Exercise instructions> Produce a verbatim copy of the data below that contains no pictures.

The data>

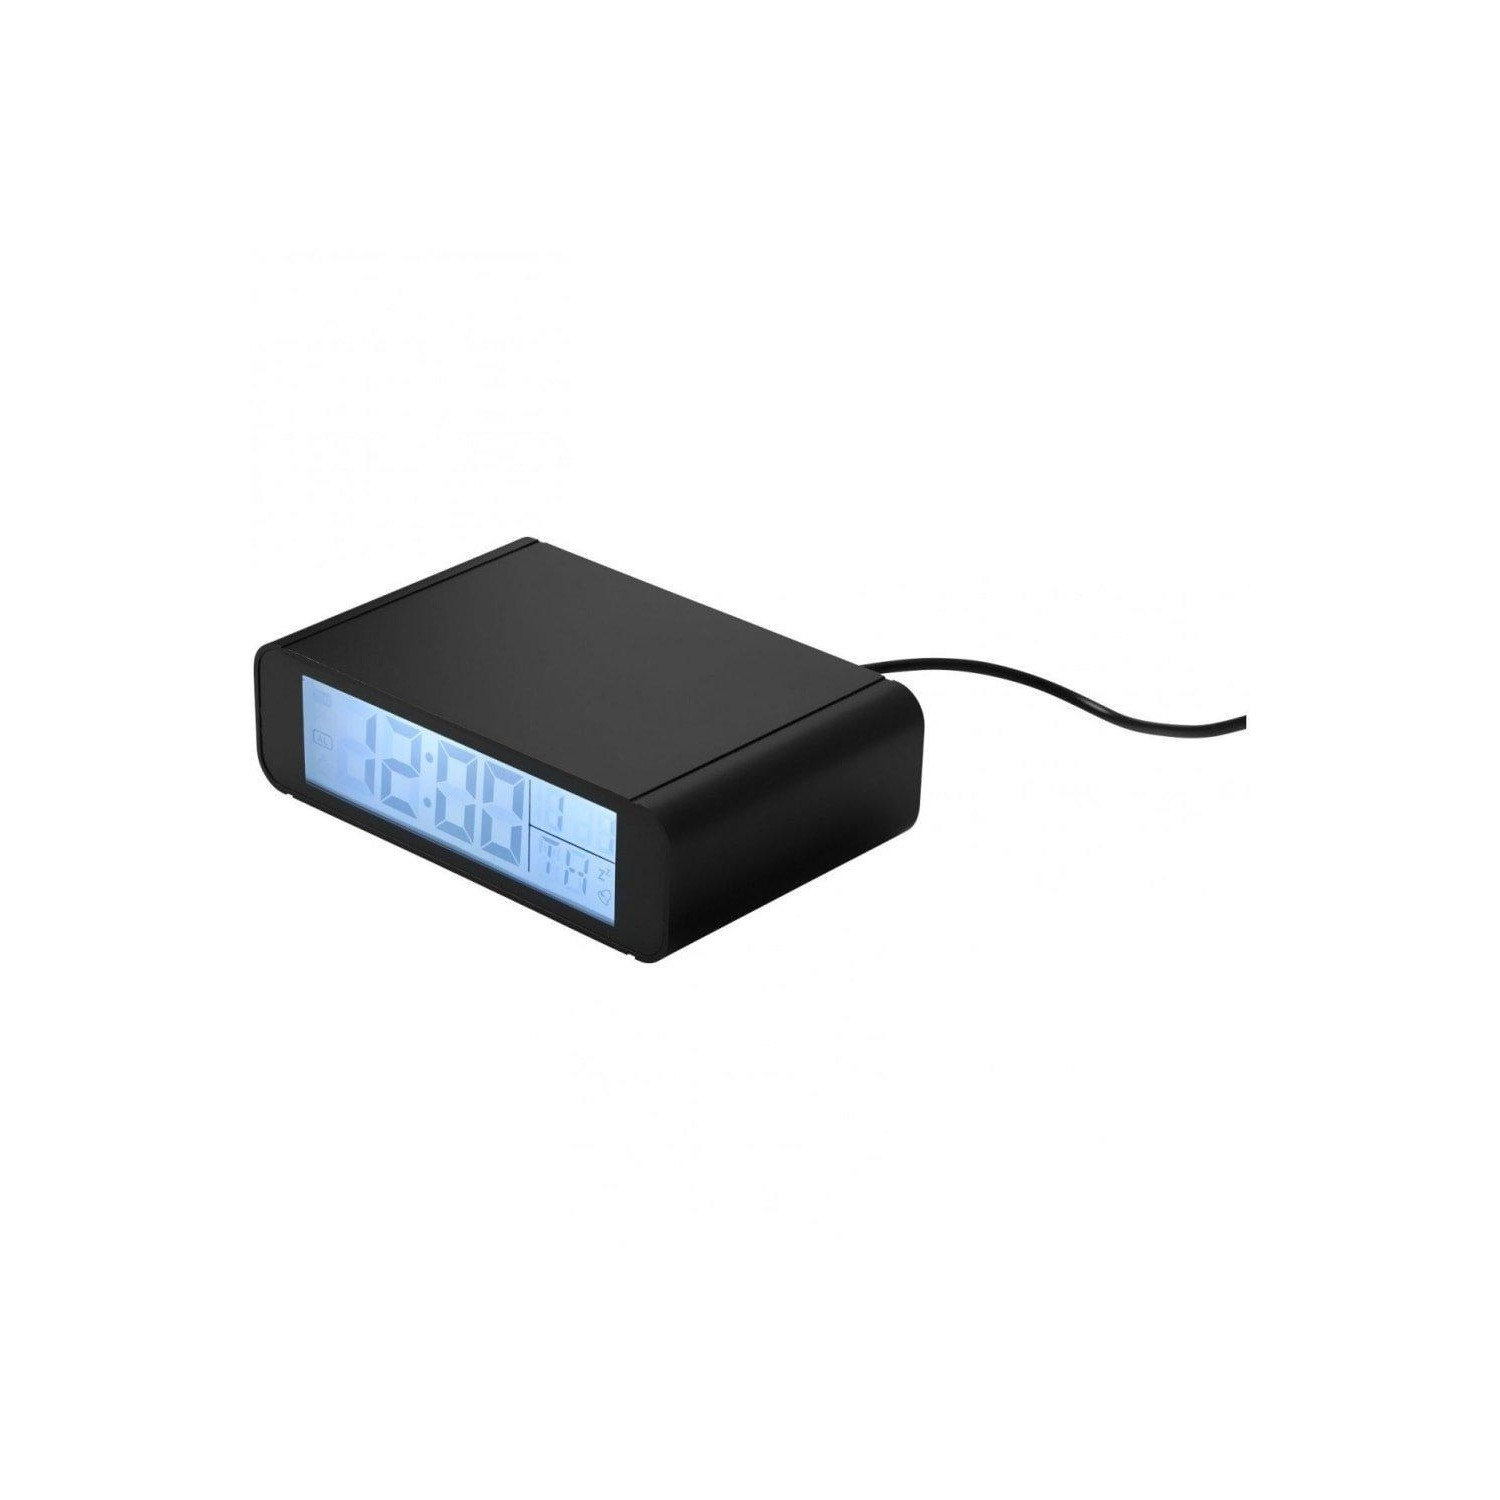 Digital Alarm Clock - image 1
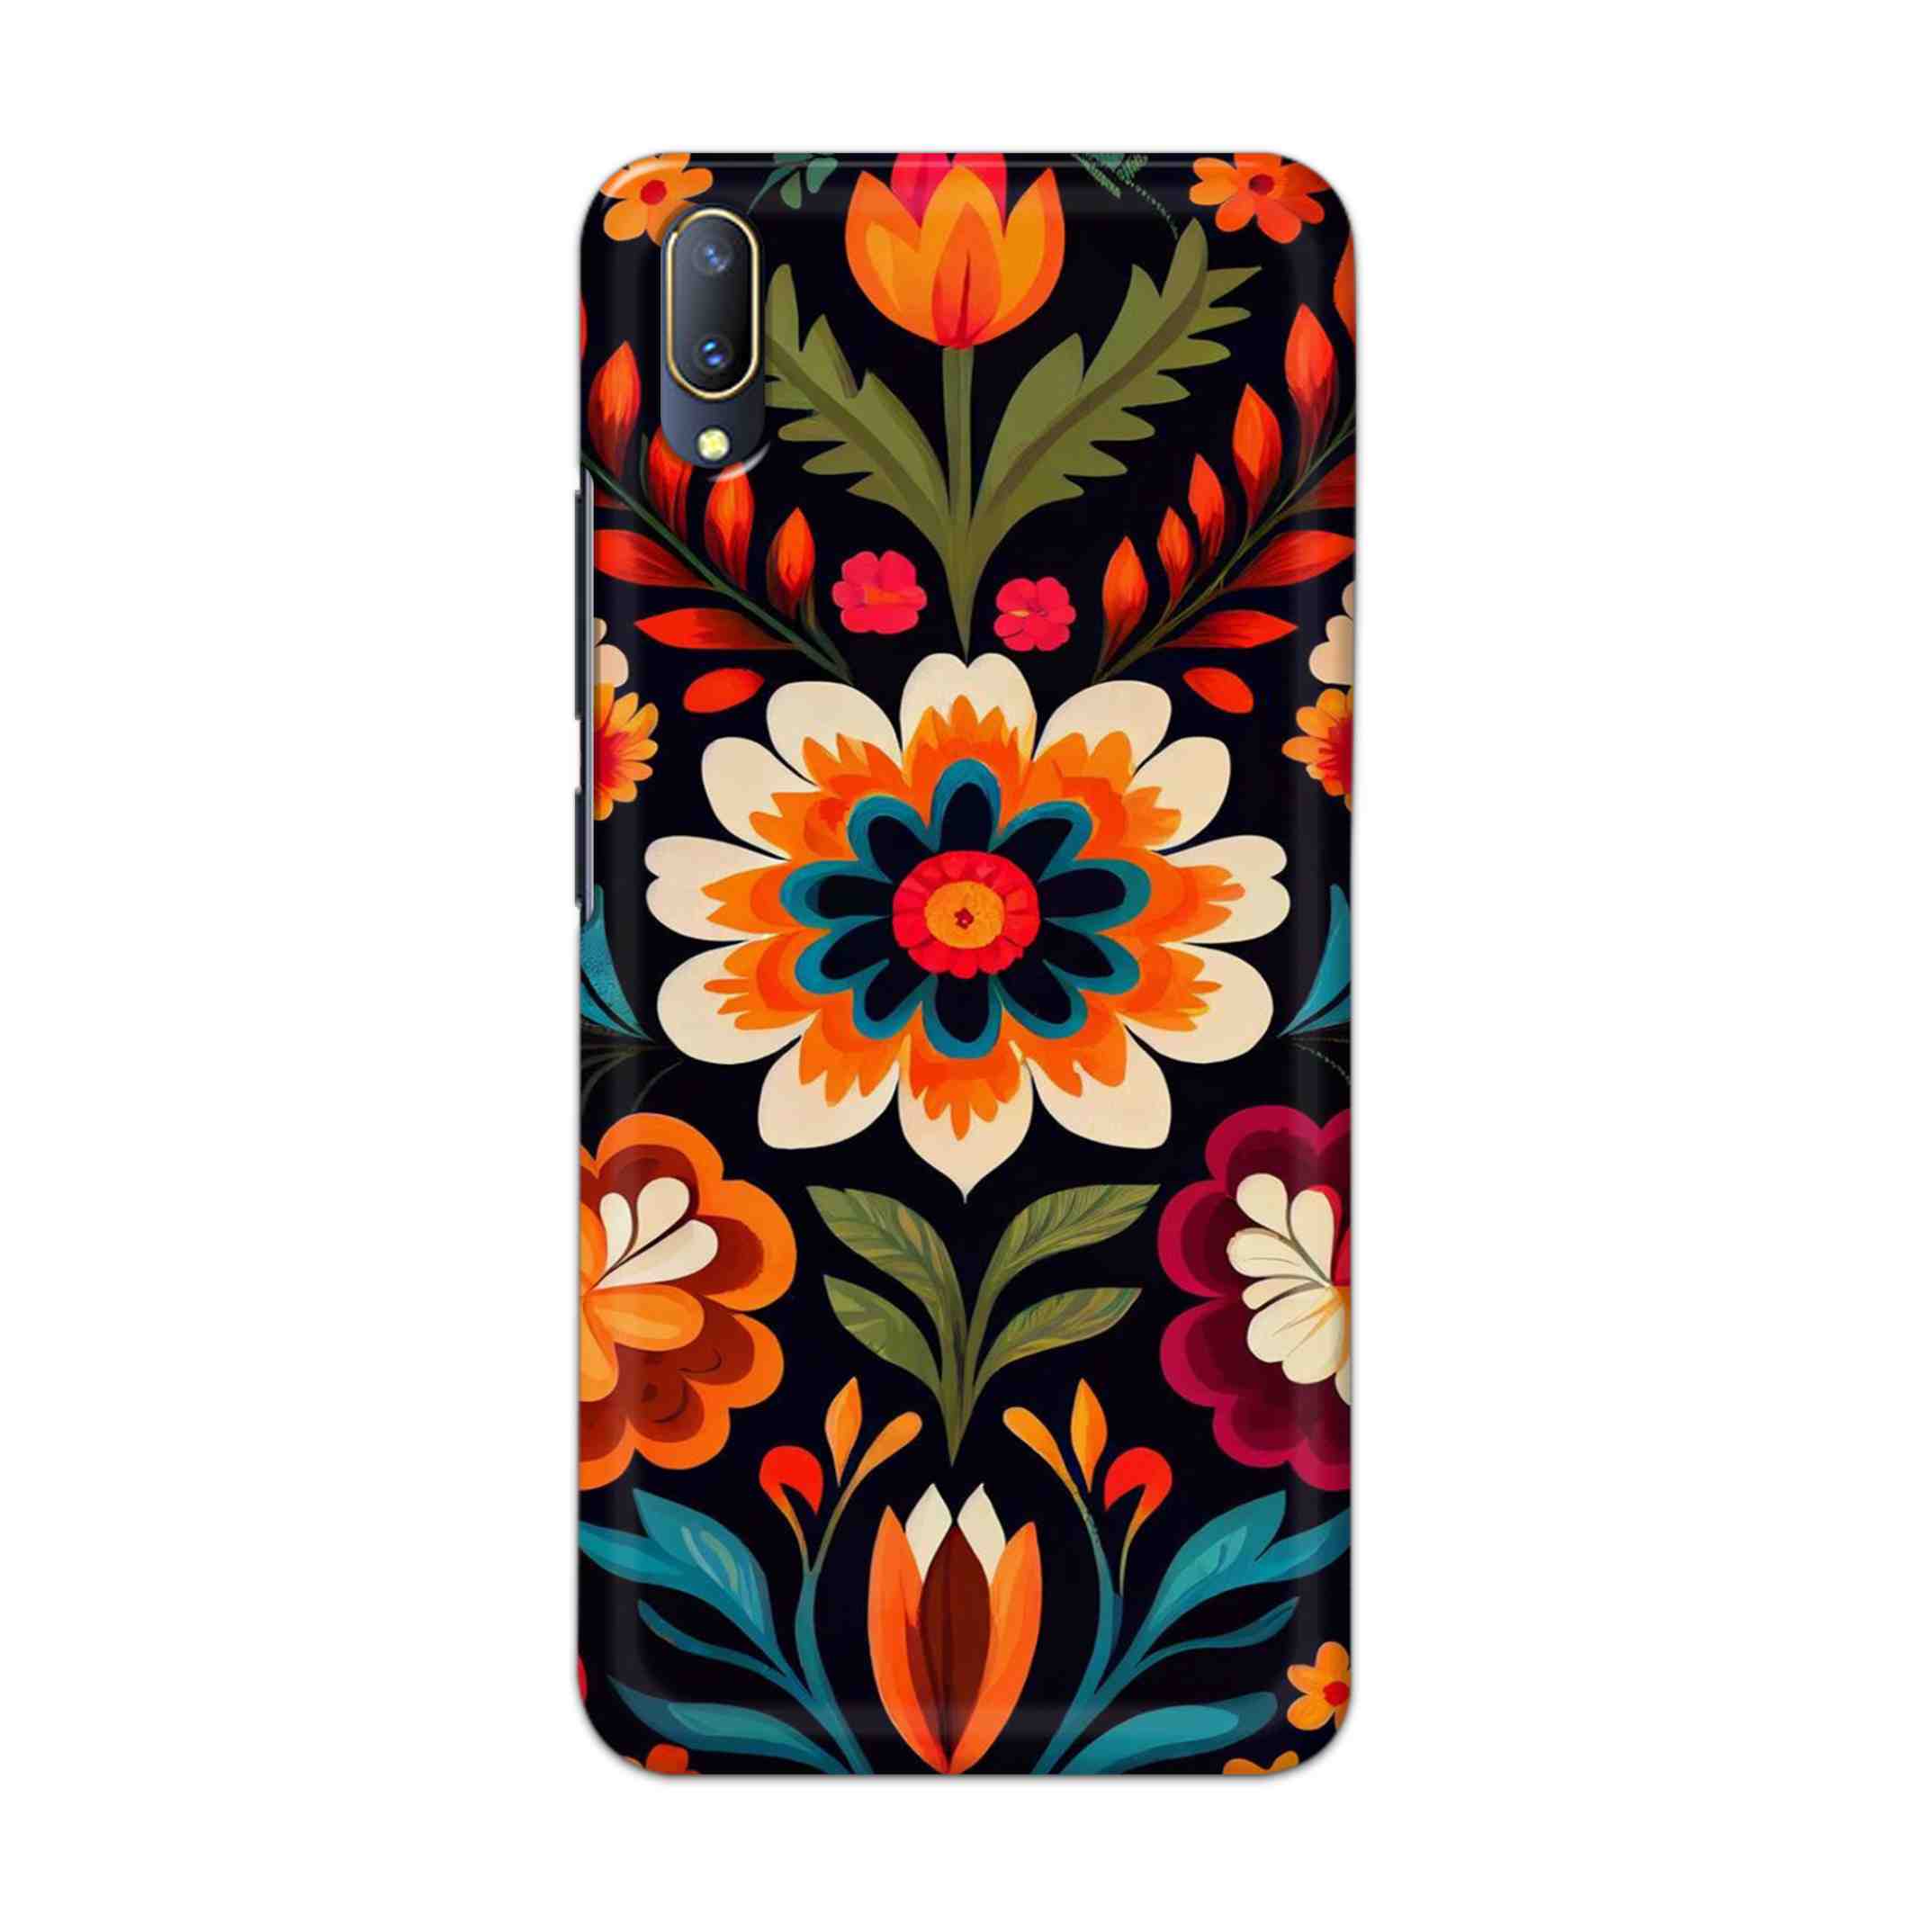 Buy Flower Hard Back Mobile Phone Case Cover For V11 PRO Online
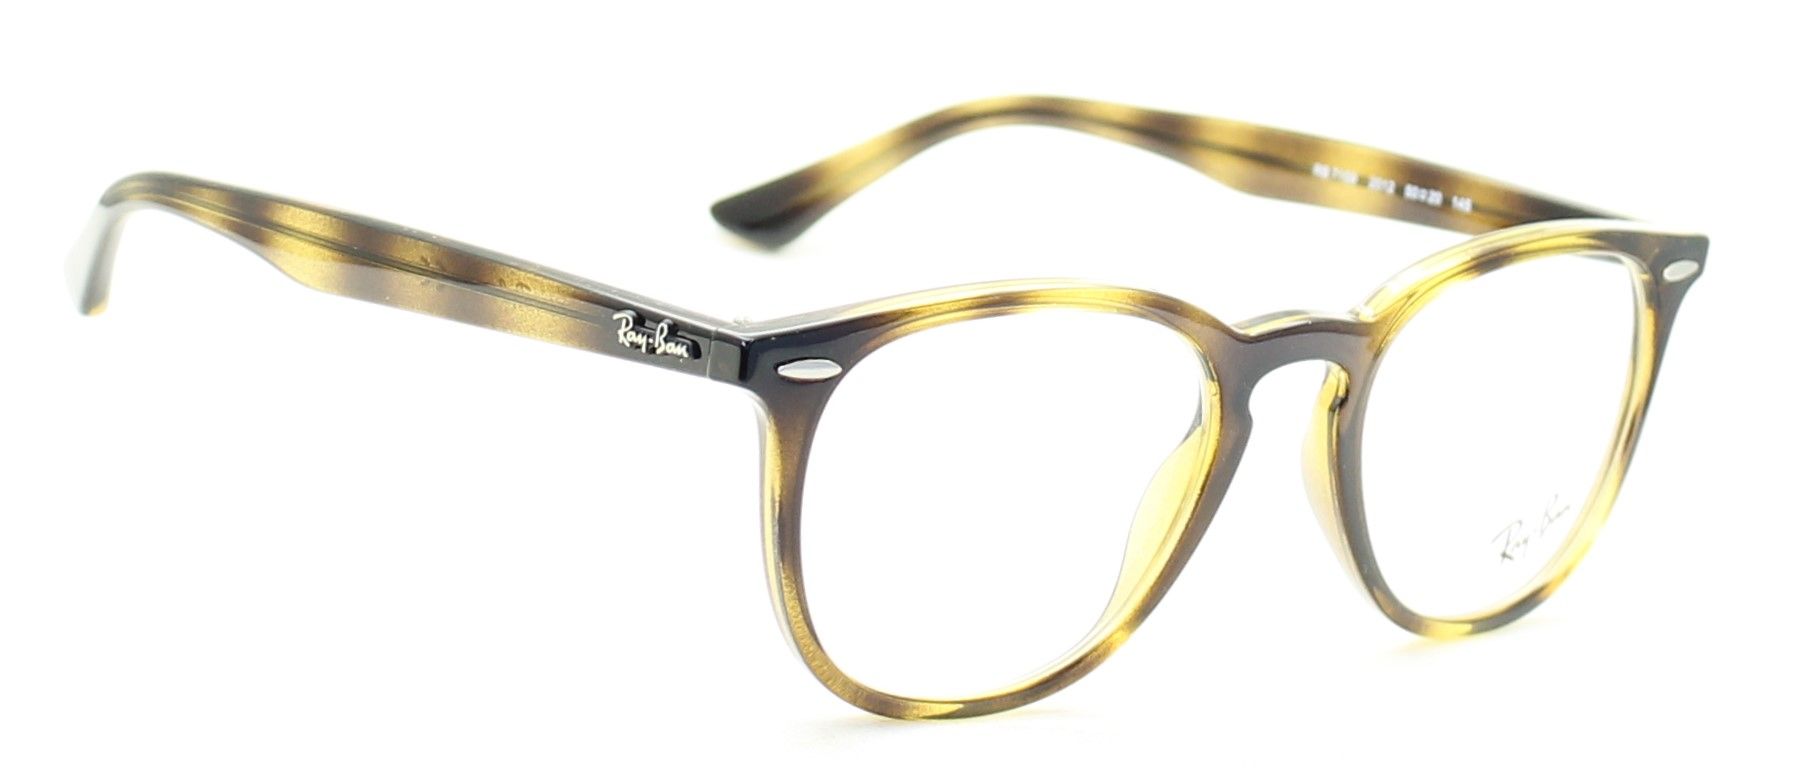 RAY BAN RB 7159 2012 50mm RX Optical FRAMES RAYBAN Glasses Eyewear ...
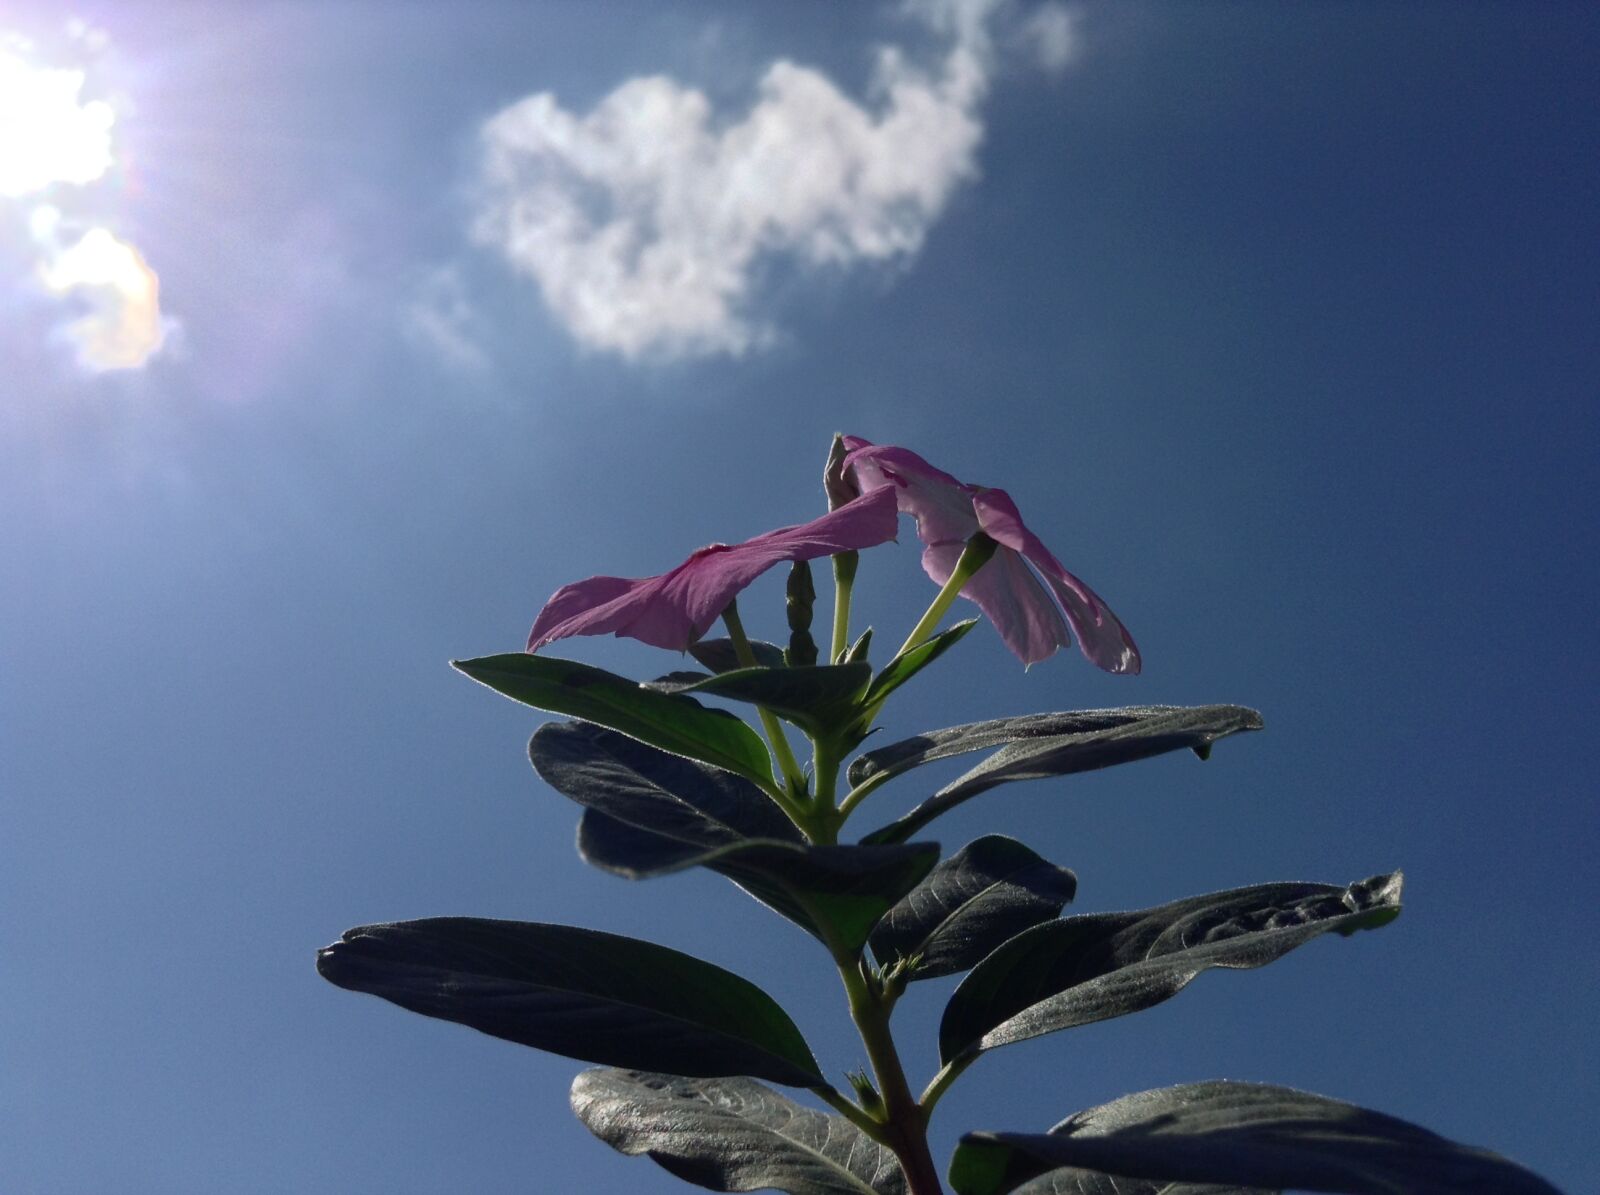 iPad mini back camera 3.3mm f/2.4 sample photo. Flower, sol, clouds photography

Solution for this exercise>
 Digital Alarm Clock - image 1
 Buy Flower Hard Back Mobile Phone Case Cover For V11 PRO Online
 RAY BAN RB 7159 2012 50mm RX Optical FRAMES RAYBAN Glasses Eyewear ...
 iPad mini back camera 3.3mm f/2.4 sample photo. Flower, sol, clouds photography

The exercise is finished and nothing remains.